番外ノ巻 花は折りたし梢は高し(二)

― 王国歴 1045年-1049年


― サンレオナール王都




 マルゲリットは十一になり、あと一年したら初等科も卒業する。周りの貴族令嬢達の影響を受け、そろそろ彼女のお転婆も治まるかと皆が思っていた。ところがいつまで経っても彼女はお洒落や舞踏会に興味を示すこともなく、未だに木や屋根に登り、木刀を振り回していたのだった。


 ソンルグレ侯爵に頼まれた父はその頃から週に二、三回彼女に稽古をつけるようになっていた。時には母や俺も一緒だった。

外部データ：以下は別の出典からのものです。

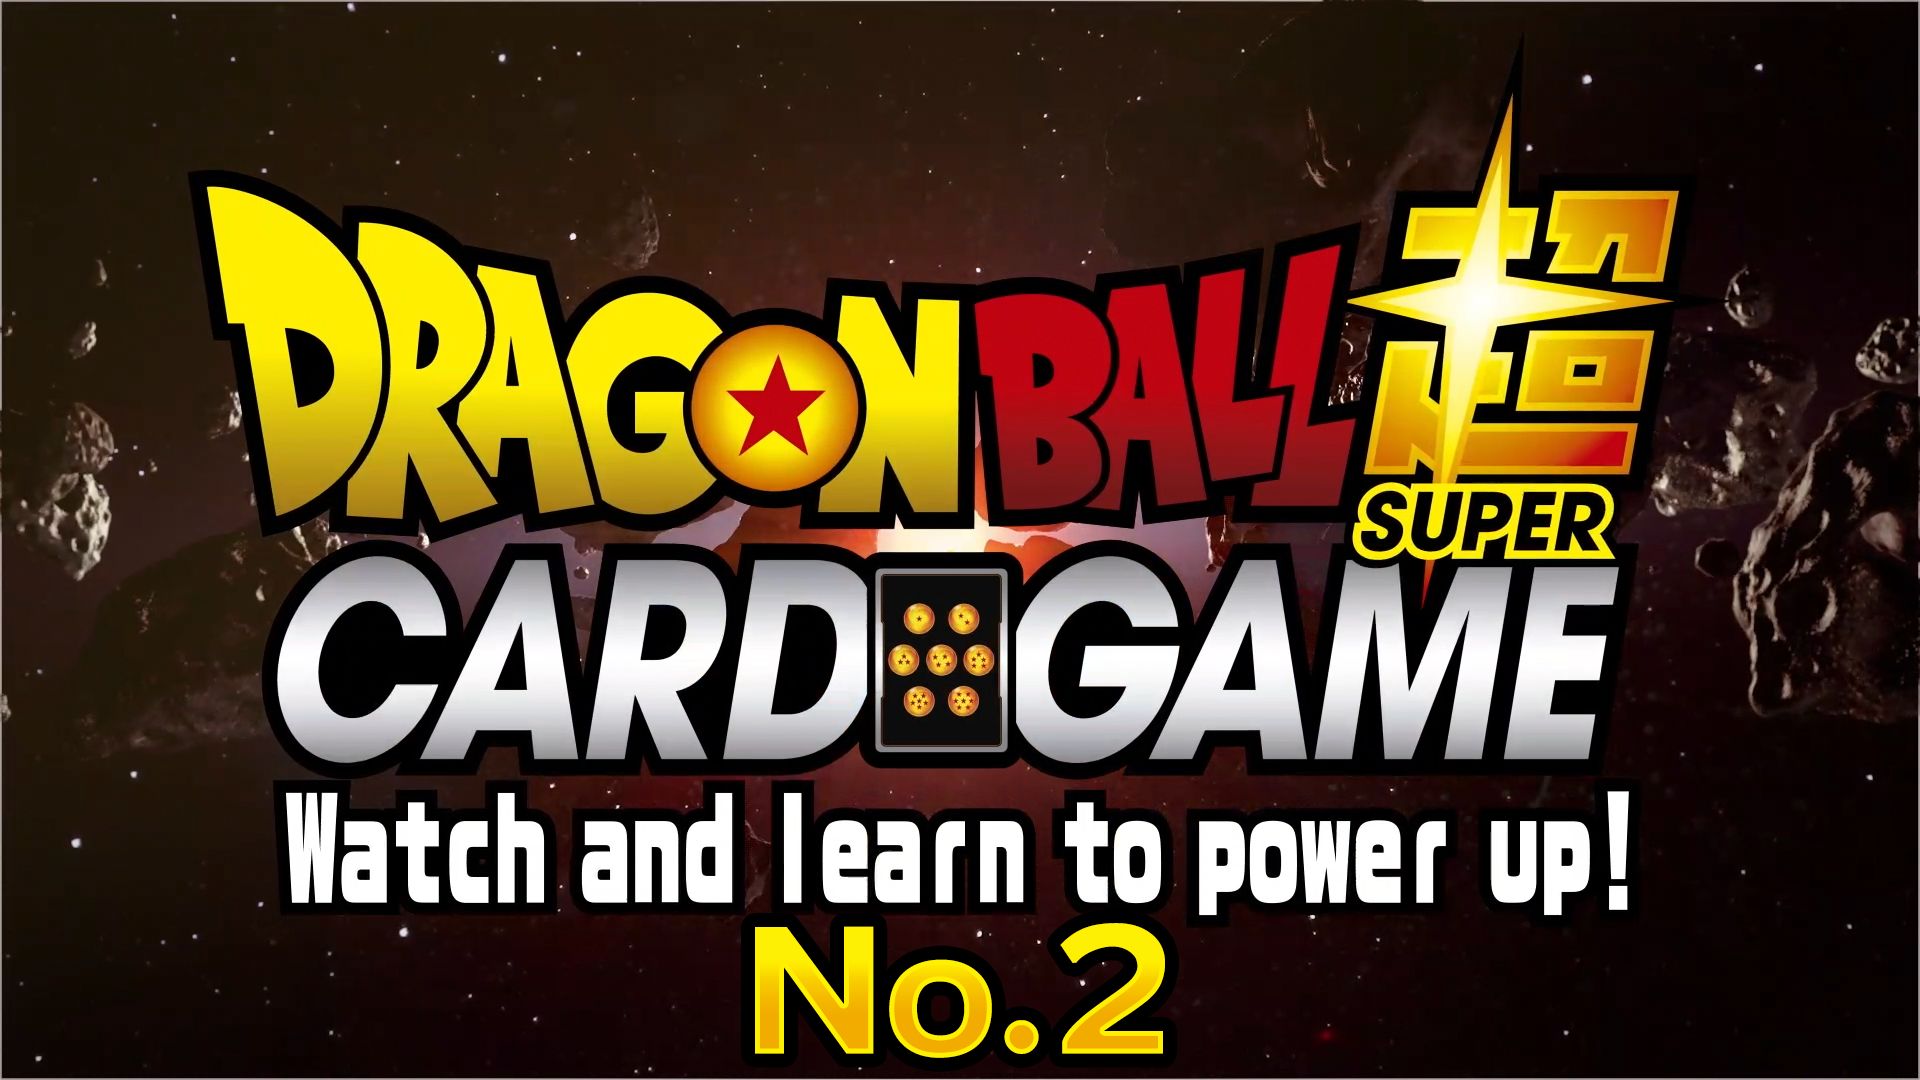 Dragon Ball Super Card Game: Regardez et apprenez à vous mettre sous tension ! N ° 2

 感情を素直に表現するマルゲリットは、俺に会えるととても嬉しそうにしていた。そんな彼女を俺は純粋に愛おしいと思えた。


 そして多感な年頃のマルゲリットと俺の間には徐々に淡い恋心が芽生えていった。同時に、純真で天真爛漫な彼女に対する劣情も俺の中に生まれつつあった。間者として感情は表に出さないよう訓練は受けていたが、マルゲリットを前にするとそれも容易ではなかった。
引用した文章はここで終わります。